• **PROVIDED DATA**
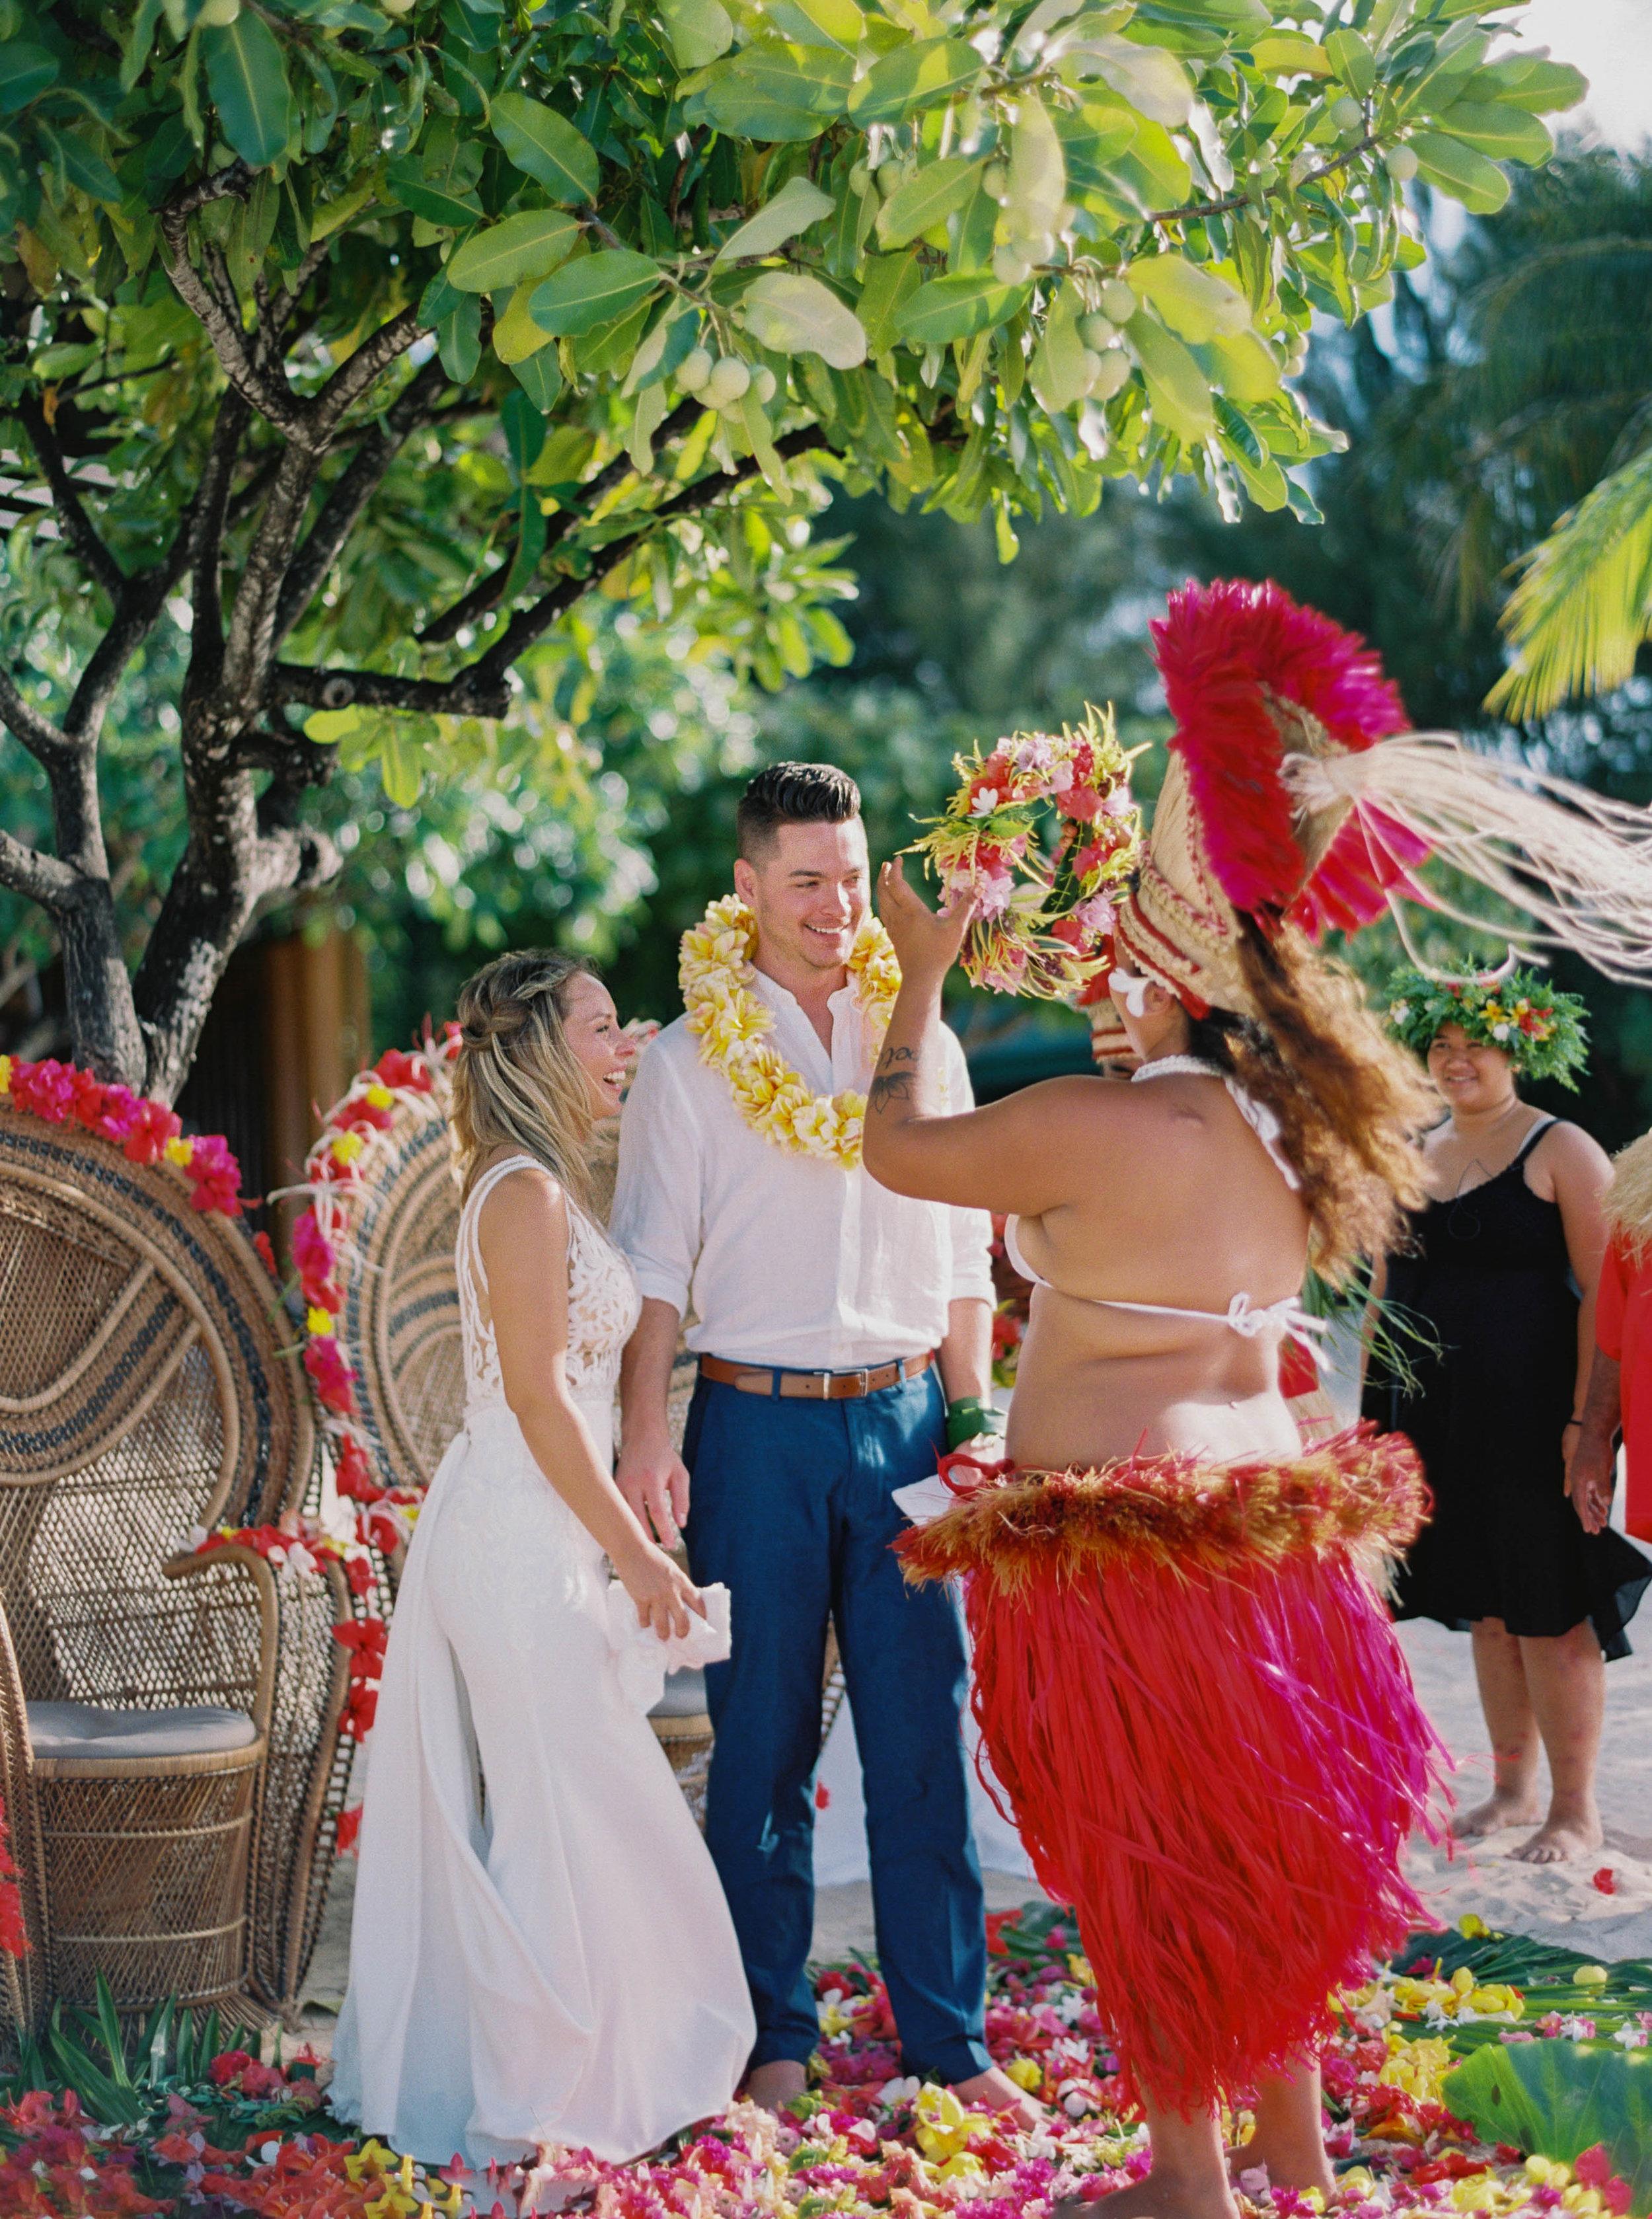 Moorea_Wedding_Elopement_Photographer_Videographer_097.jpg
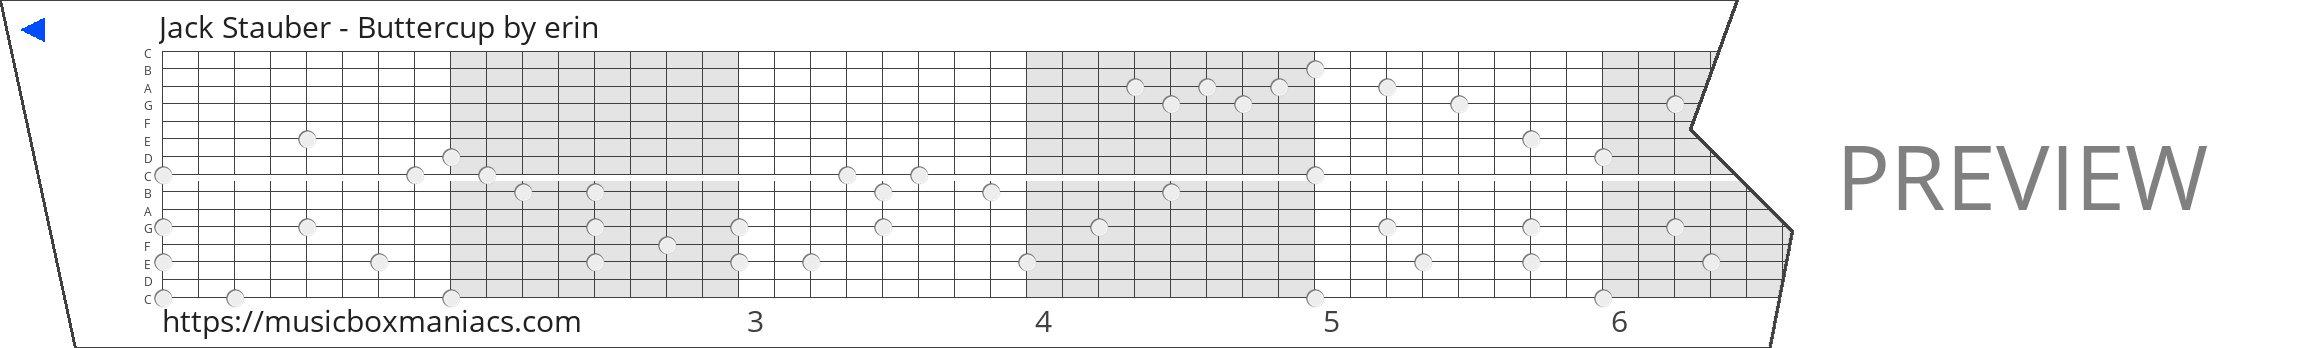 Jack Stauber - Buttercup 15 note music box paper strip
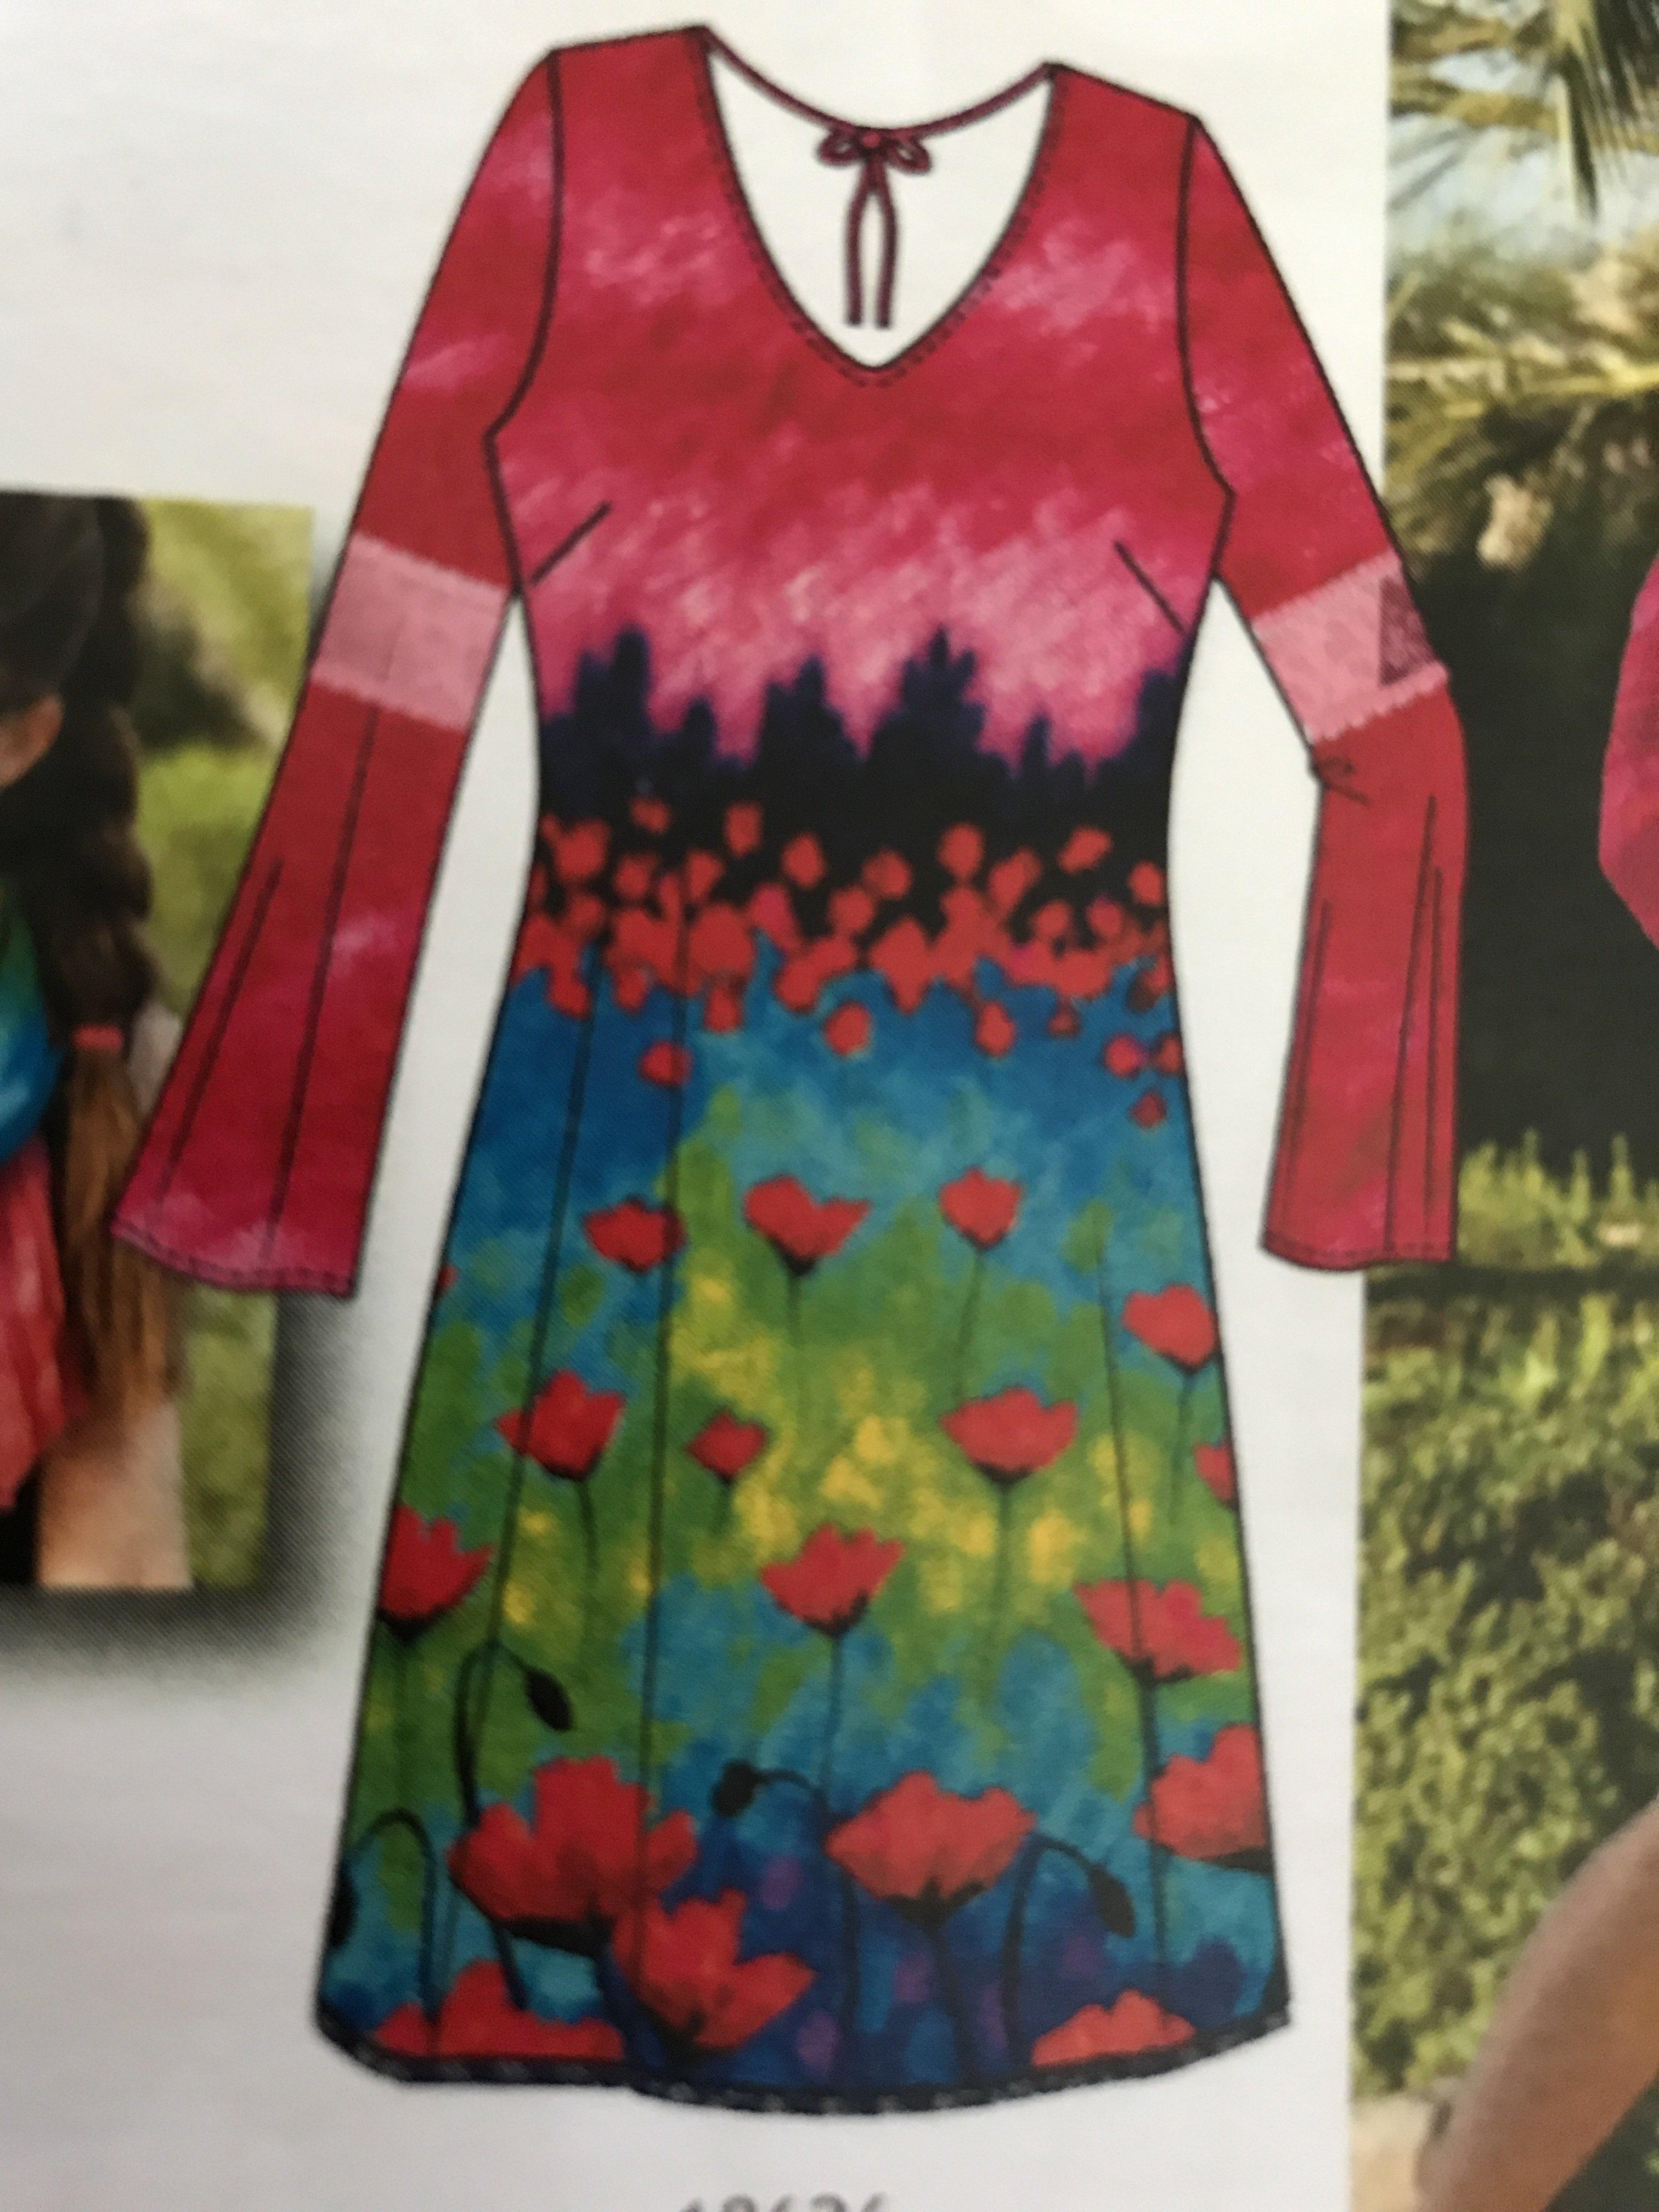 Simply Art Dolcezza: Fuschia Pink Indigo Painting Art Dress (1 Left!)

• **WHAT THIS TASK INVOLVES**
Pictures aside, transcribe exactly the lines from the line containing "Jack Stauber - Buttercup" through the final line of the material above.

• **WORKED SOLUTION**
 Jack Stauber - Buttercup 15 note music box paper strip
 Simply Art Dolcezza: Fuschia Pink Indigo Painting Art Dress (1 Left!)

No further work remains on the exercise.